Coverage rates of candidate primers within a conservative fragment.
After we filtered out the candidate primers with a coverage rates below 90%, the remaining overlapping primers were merged again and new coverage rates were measured for them (). Thirty candidate primers (13 for the Archaea and 17 for the Eubacteria) were identified and are of potential use in designing forward and reverse primers. Notably, eubacterial conservative fragment 104–120 did not contain candidate primers that met the selection criteria. Some primers for the Archaea and Eubacteria were not only numbered with the same E. coli rDNA positions but were also highly homologous in their pattern. Therefore, they were defined as predicted universal primers: U515–532, U785–800, U909–928, and U1052–1071 ().
The coverage rate of predicted primers.
Coverage rates of predicted and known primers
To evaluate the accuracy of our prediction, the predicted primers were compared with 29 known primers including 13 Archaea-specific, 9 Eubacteria-specific, and 7 universal primers ().

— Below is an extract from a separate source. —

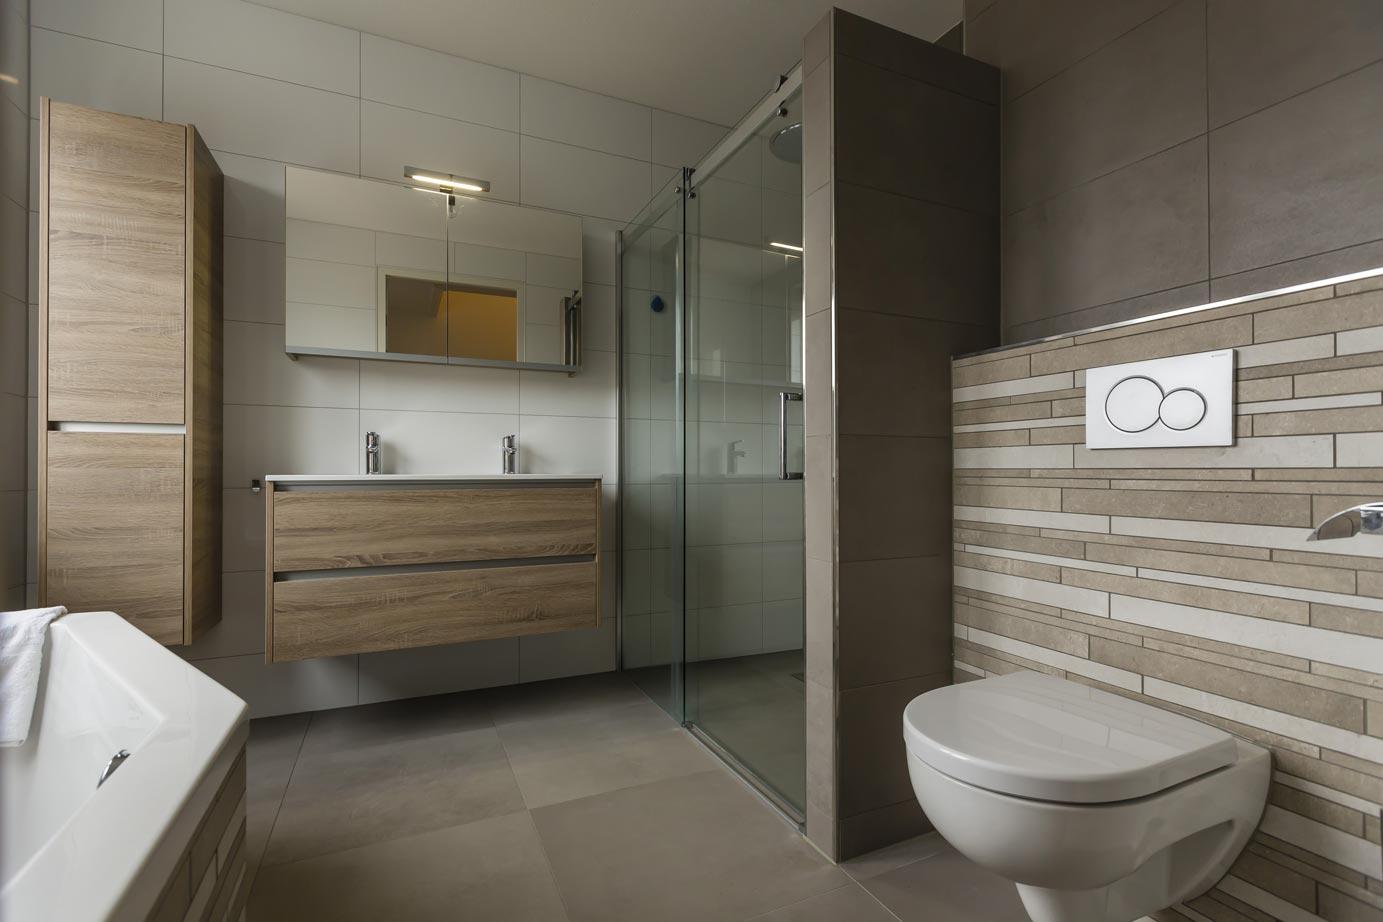 Goedkope Wandtegels Badkamer : Tegels kopen wandtegels of vloertegels groot aanbod arma

After cleaning the overlapping primers, we found that our predicted primers contained a novel primer, A884–898, which has not been reported previously. Although nearly all the predicted and known primers were located in the same regions, some of the known primers were probably problematic because of the lack of sufficient degeneracies and the low degree of conservation at some sites in the primers. Therefore, the coverage rates of these primers were compared with those of the predicted primers.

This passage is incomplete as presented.